Friday, December 9, 2011

There's a Snake in my Boot

One of my favorite lines from Toy Story 2 is Woody’s exclamation at discovering all the toys and accessories connected to the Sheriff Woody brand.  He is overjoyed and overwhelmed to discover that the world he thought he knew is so much larger.  Though he loves his owner, Andy and his friends like Buzz Lightyear and Bo Peep, it’s as if Woody has finally found his family.  He has a horse, Bullseye, and a new friend Jessie.
He has a whole world created just for him.  And when he explores that world he finds a toy boot with a spring loaded snake.  And here comes the line, delivered with perfect pausing by Tom Hanks:  “Oh look, there’s a snake … in my boot.”  It’s silly and I don’t know why I love the line so much.  Again I think it’s how Tom Hanks says it.  It’s cute.
I was thinking of that line today when I was walking the labyrinth at church.  I’m used to having things jump out at me or run from me.  I’ve startled my share of rabbits and lizards and birds and they’ve startled me right back.
But today was the first time I had seen a snake.
At first I thought it was a lizard, rising up out of the grass and slinking onto the six inch high fencing that marks the path.  But then I noticed the head was too flat and too round for a lizard and then I noticed the body was way too long.  The snake was only about a foot and a half long.  It was mostly black with a gray mottled head.
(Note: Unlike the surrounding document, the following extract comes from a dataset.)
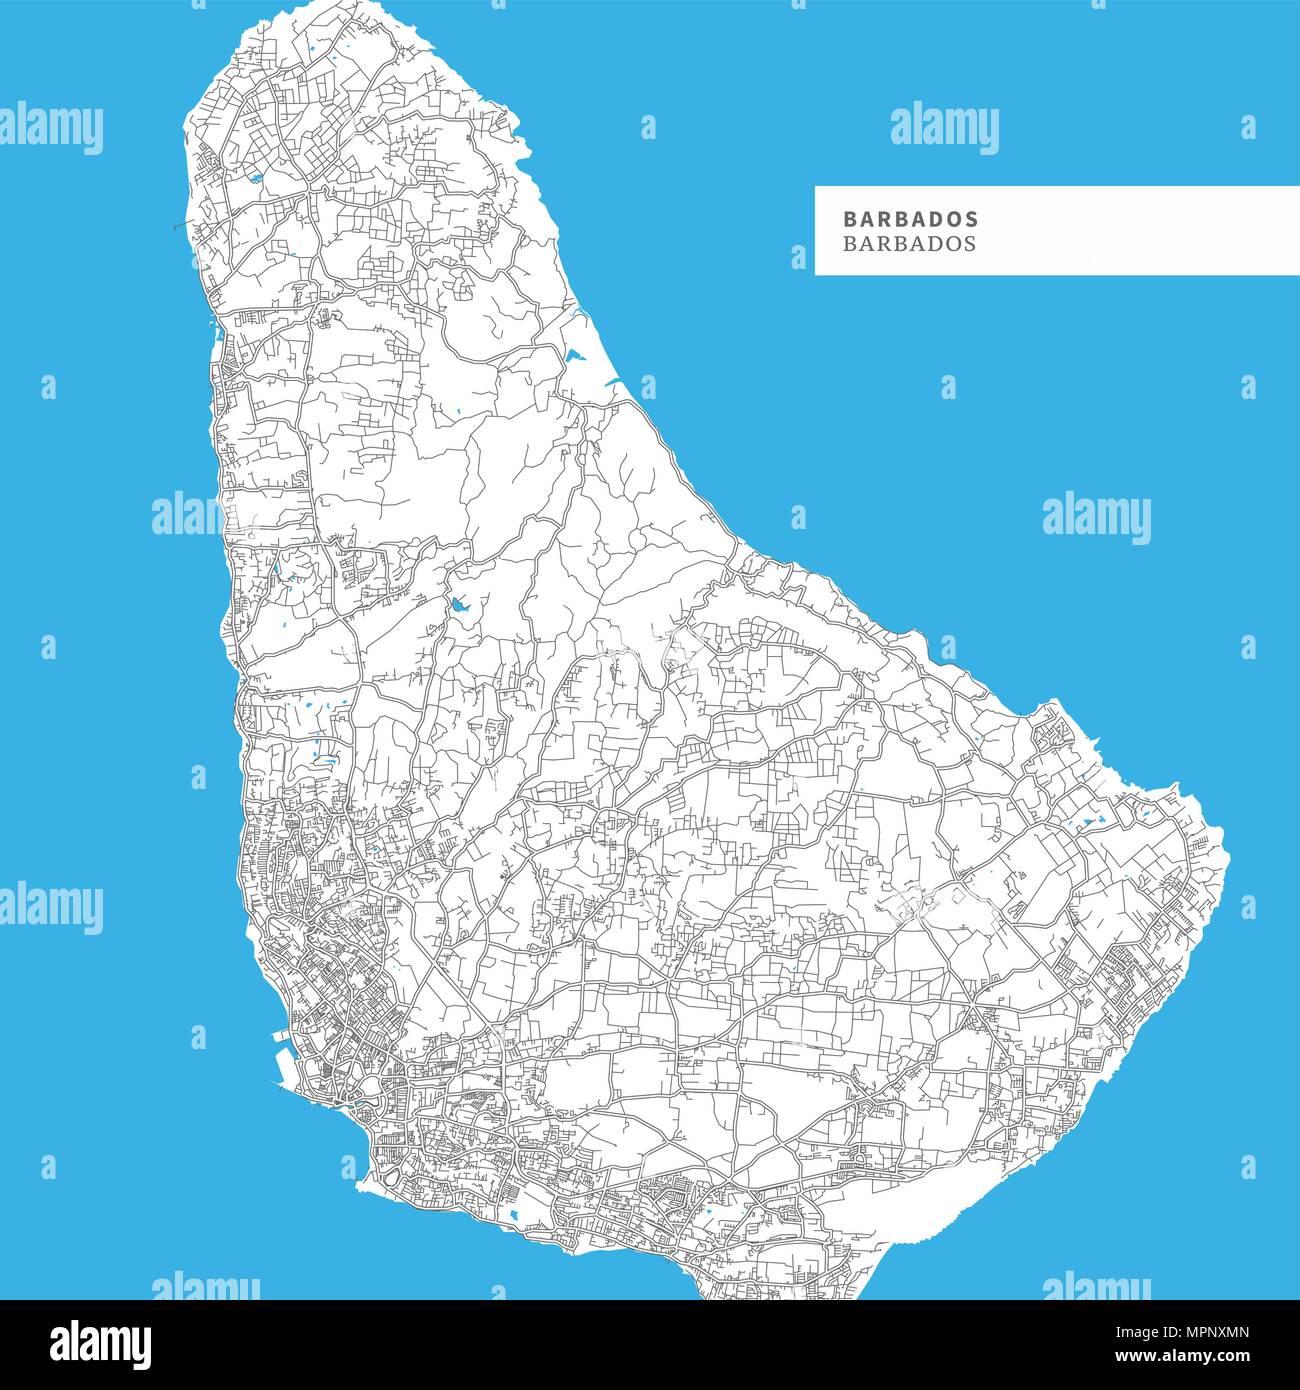 Karte Island Drucken.Barbados Drucken Karte Stockfotos Barbados Drucken Karte

It looked harmless, but snakes in Florida scare me, so I kept my distance and just watched it.
It really was a beautiful thing.  At first I wanted there to be some message there.  Here I am walking a path, trying to be there with God and there’s a snake preventing me from getting to the center of the labyrinth.
But the more I watched the snake, the more that connection faded.  The snake was beautiful and lithe.  It rose up, peering up over the fencing and then twisted its way through a Simpson Stopper, hiding for a second before moving on through the path.
Because of the snake’s size and because of the fencing, the snake was really forced to “walk” the labyrinth with me.  It could only move in the same spiral pattern I was moving in.  And I wondered if snakes could think, what this one would be thinking. 
I’m sure the snake didn’t feel trapped, but I’m sure he probably wondered why he seemed only able to move in one direction.  Perhaps that’s why he stopped and climbed the shrub, so he could see just where he was.
And then, of course, I started thinking about perspective.   How are we similar to this poor snake?  Are we trapped by repetitive behavior?  Are we lost in a maze and don’t even realize it?  What does it take to change our behavior when it seems like we’re in rut, when we keep making the same mistakes over and over?
It takes perspective.  It takes focus.  It takes centering ourselves to God and allowing Him to guide us.
In the end that was what both the snake and I were doing, though the snake couldn’t have known.  We were both moving to the center of the labyrinth, searching for God.